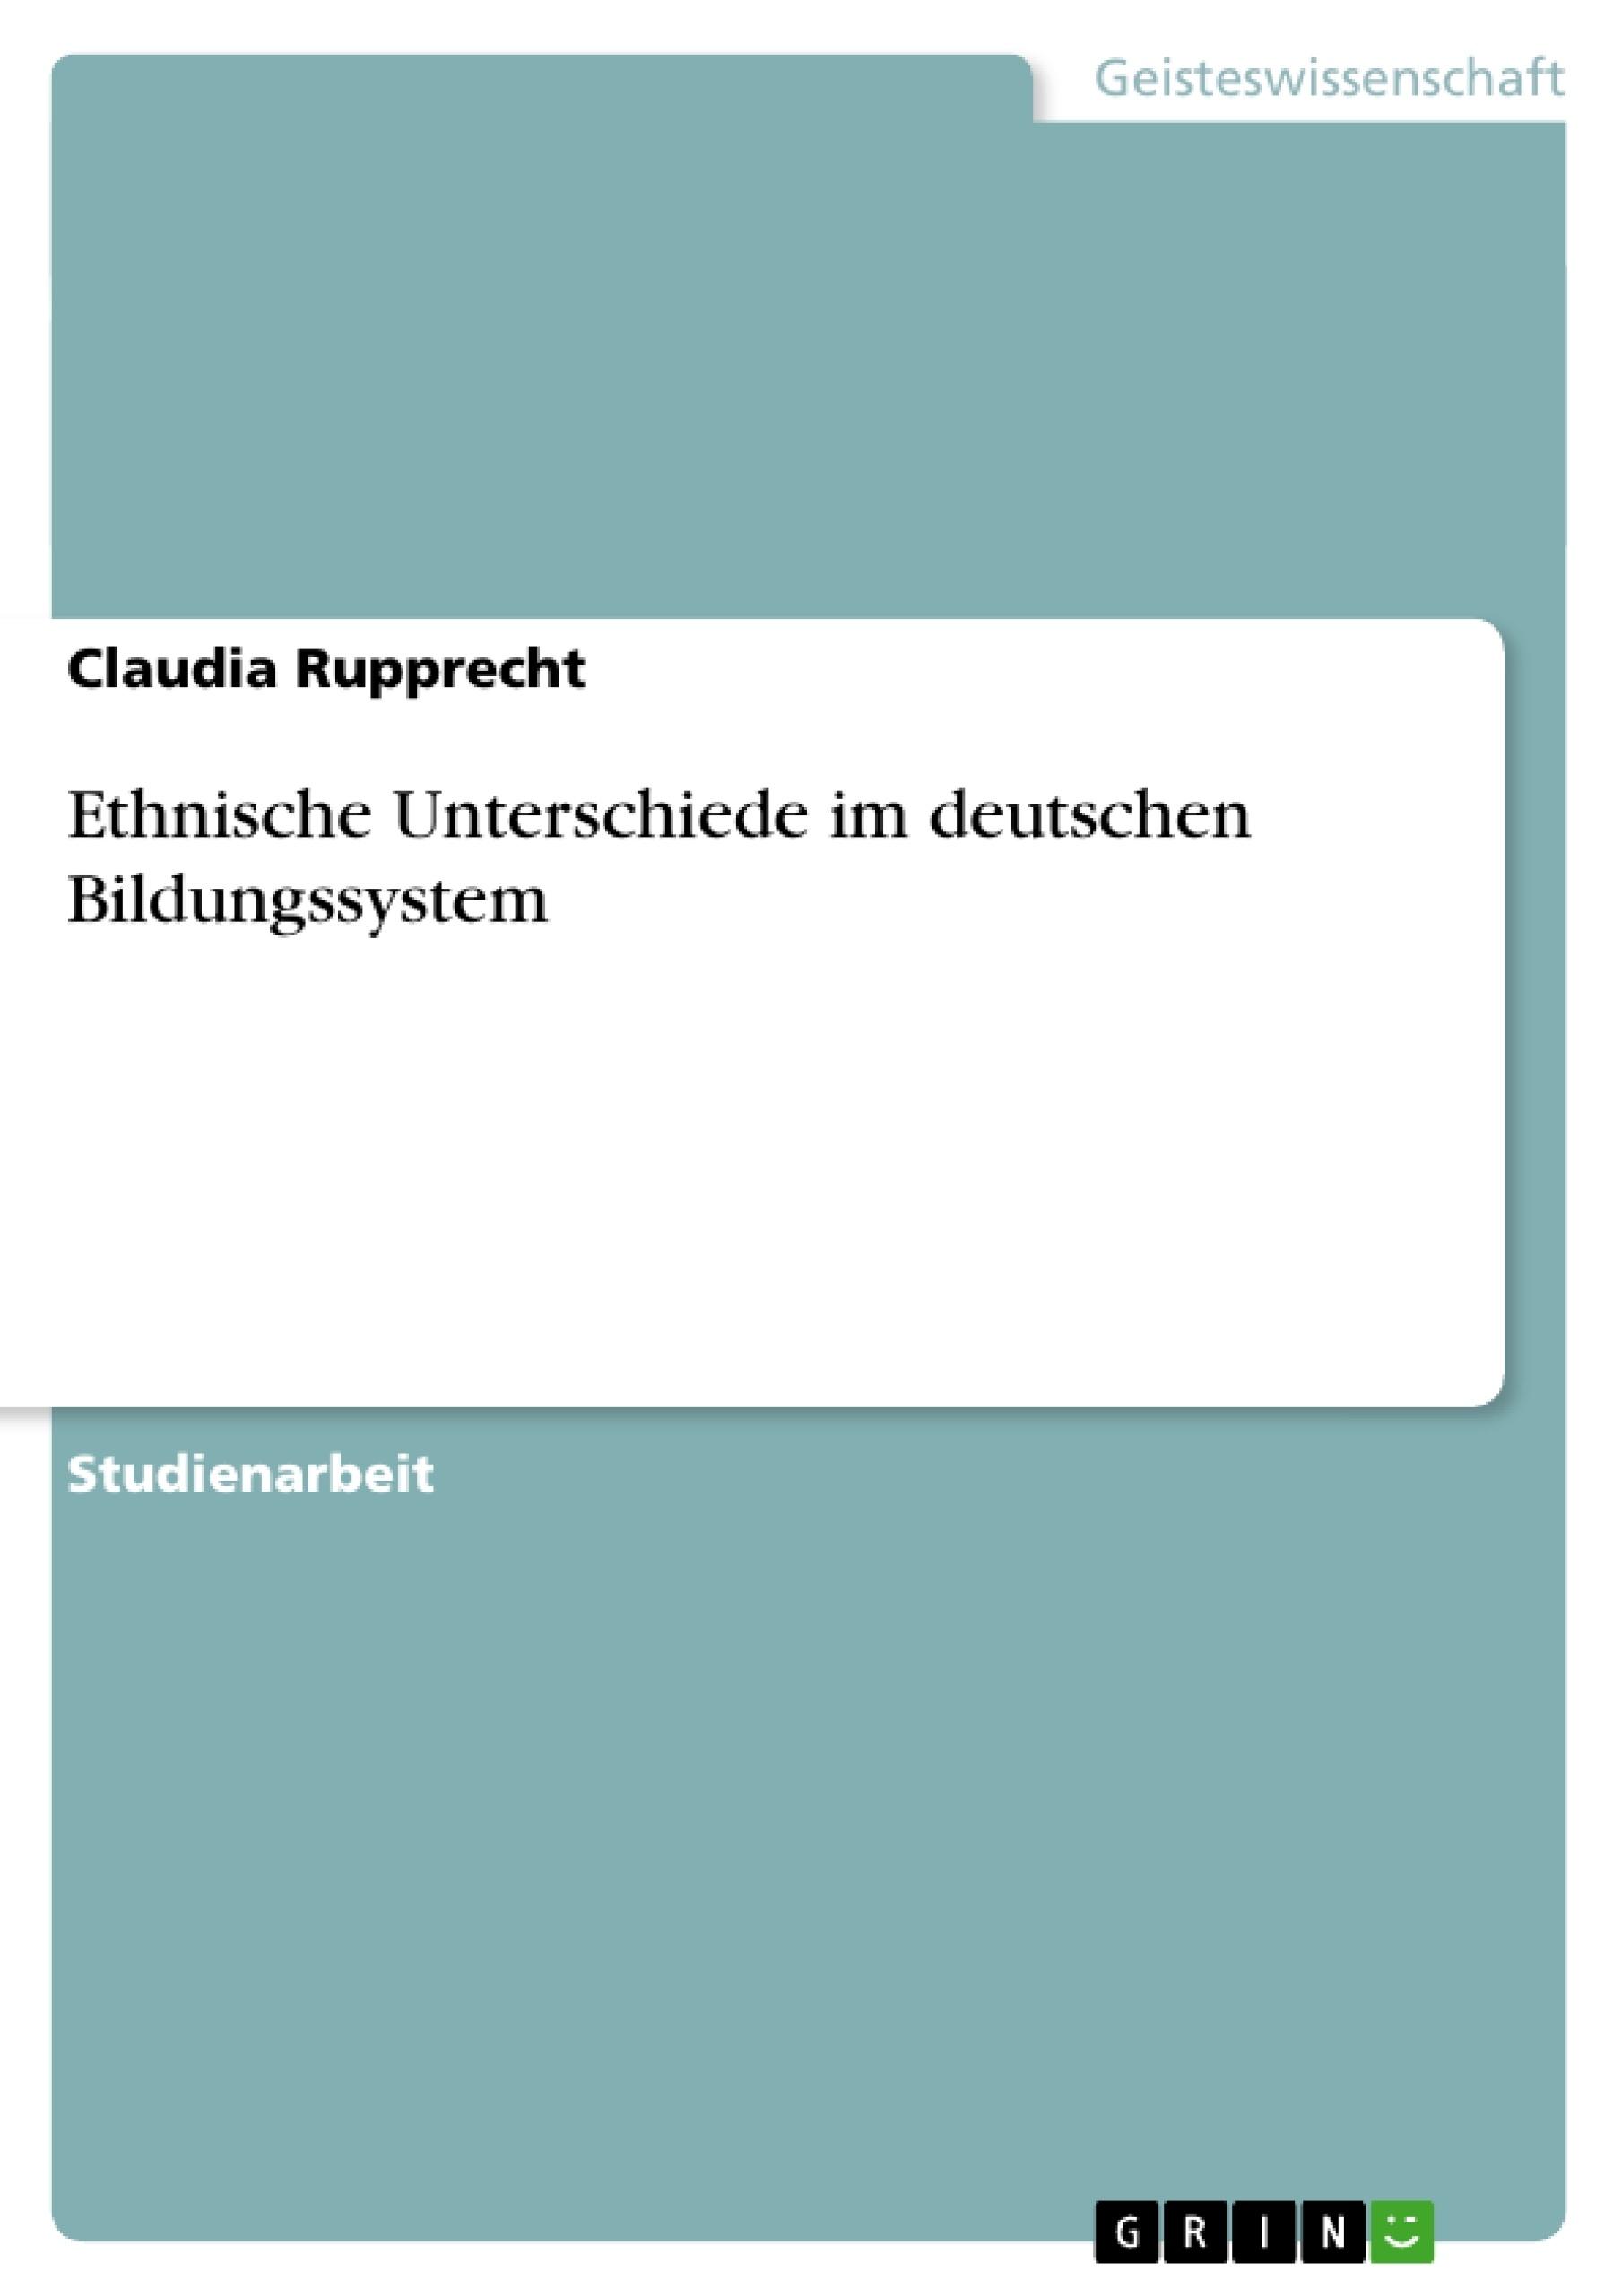 Titel: Ethnische Unterschiede im deutschen Bildungssystem
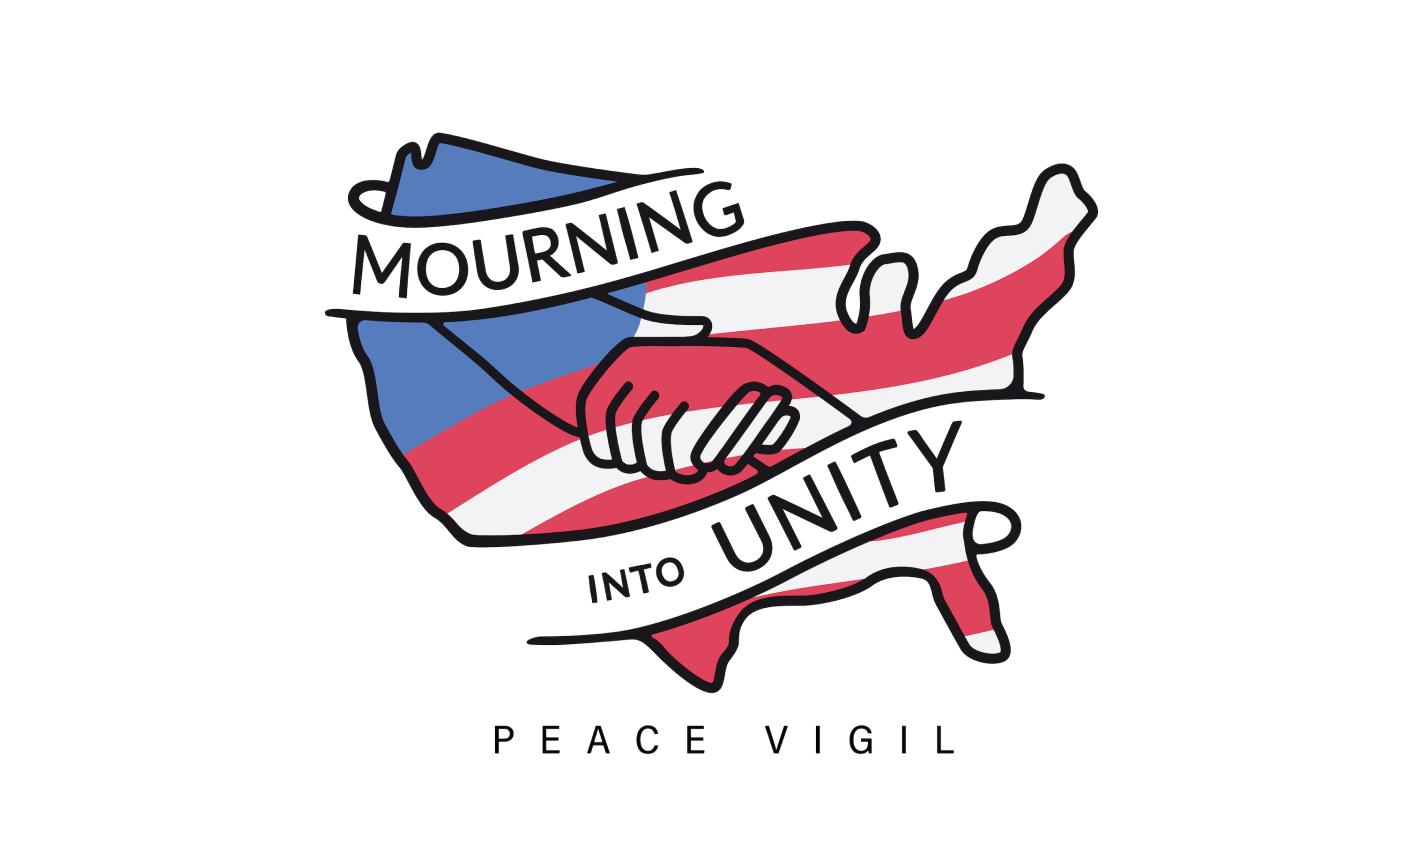 Mourning Into Unity Peace Vigil - Atlanta, Georgia
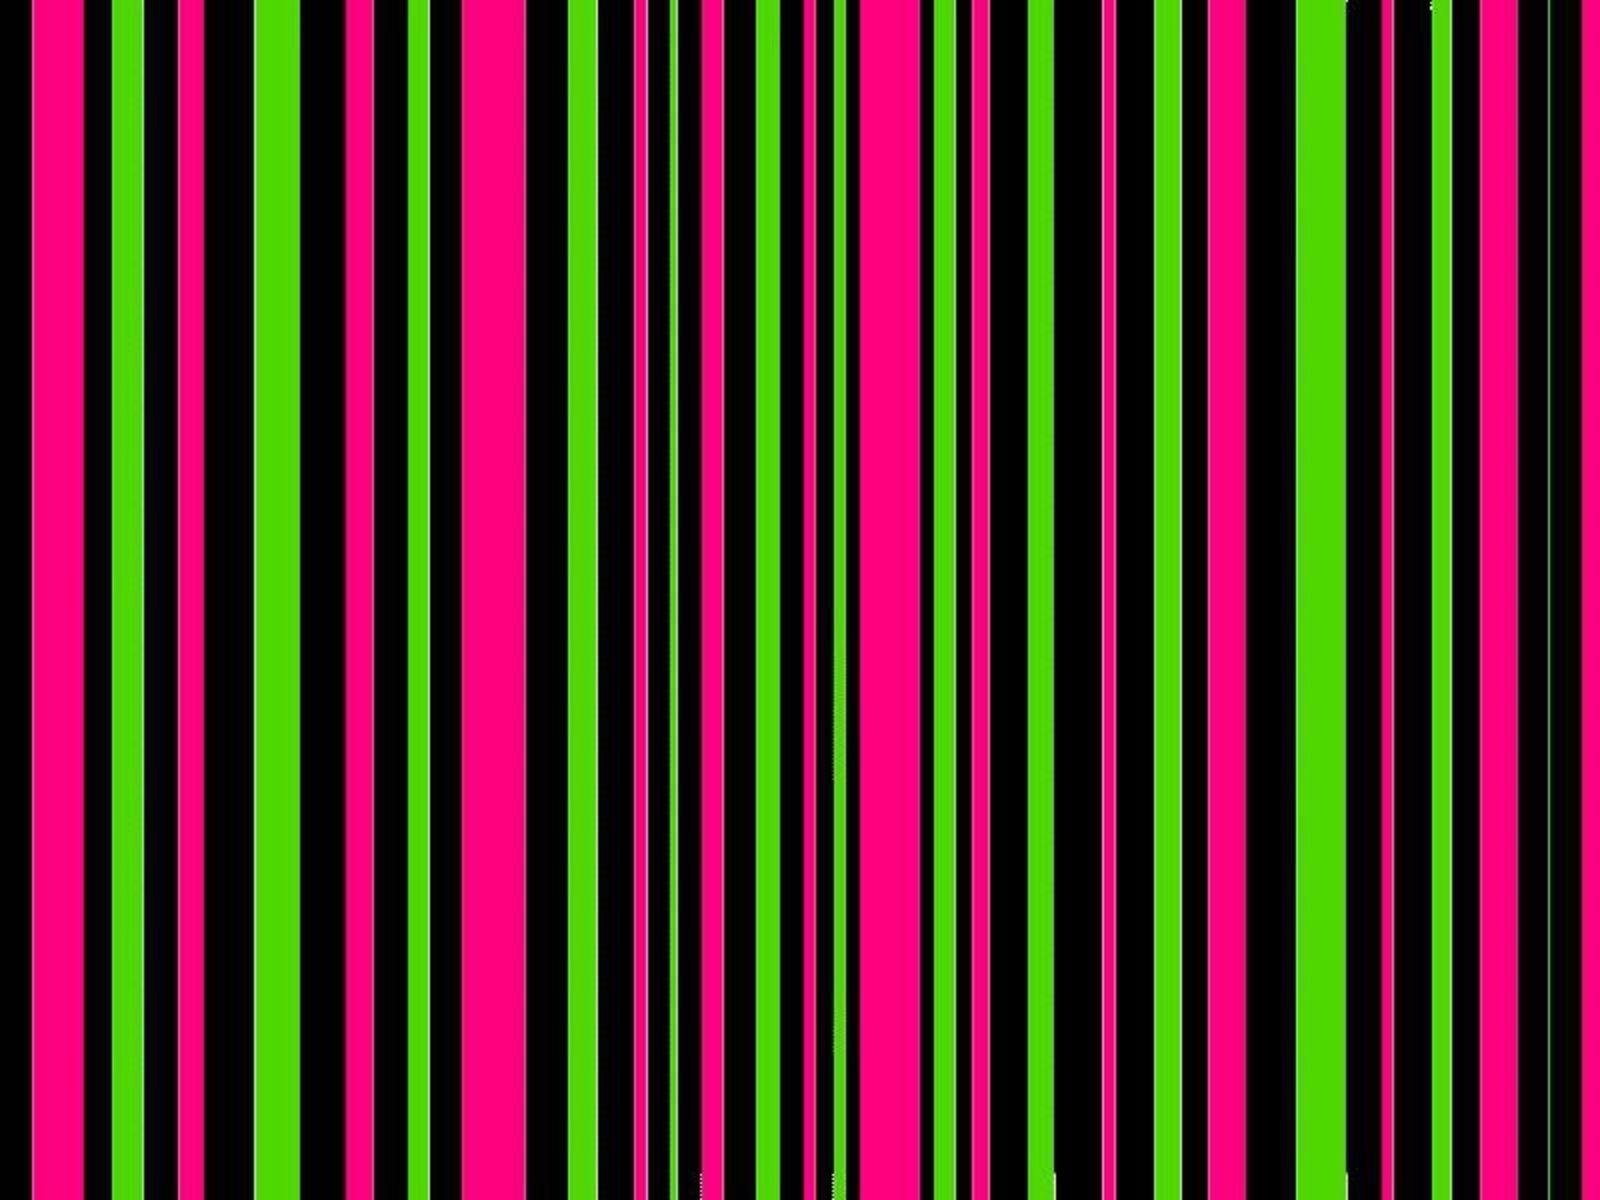 Neon Color Wallpapers WallpaperSafari

Activity
For this exercise, transcribe the data exactly but without its pictures.

Response to this task
 Titel: Ethnische Unterschiede im deutschen Bildungssystem
 Mourning Into Unity Peace Vigil - Atlanta, Georgia
 Neon Color Wallpapers WallpaperSafari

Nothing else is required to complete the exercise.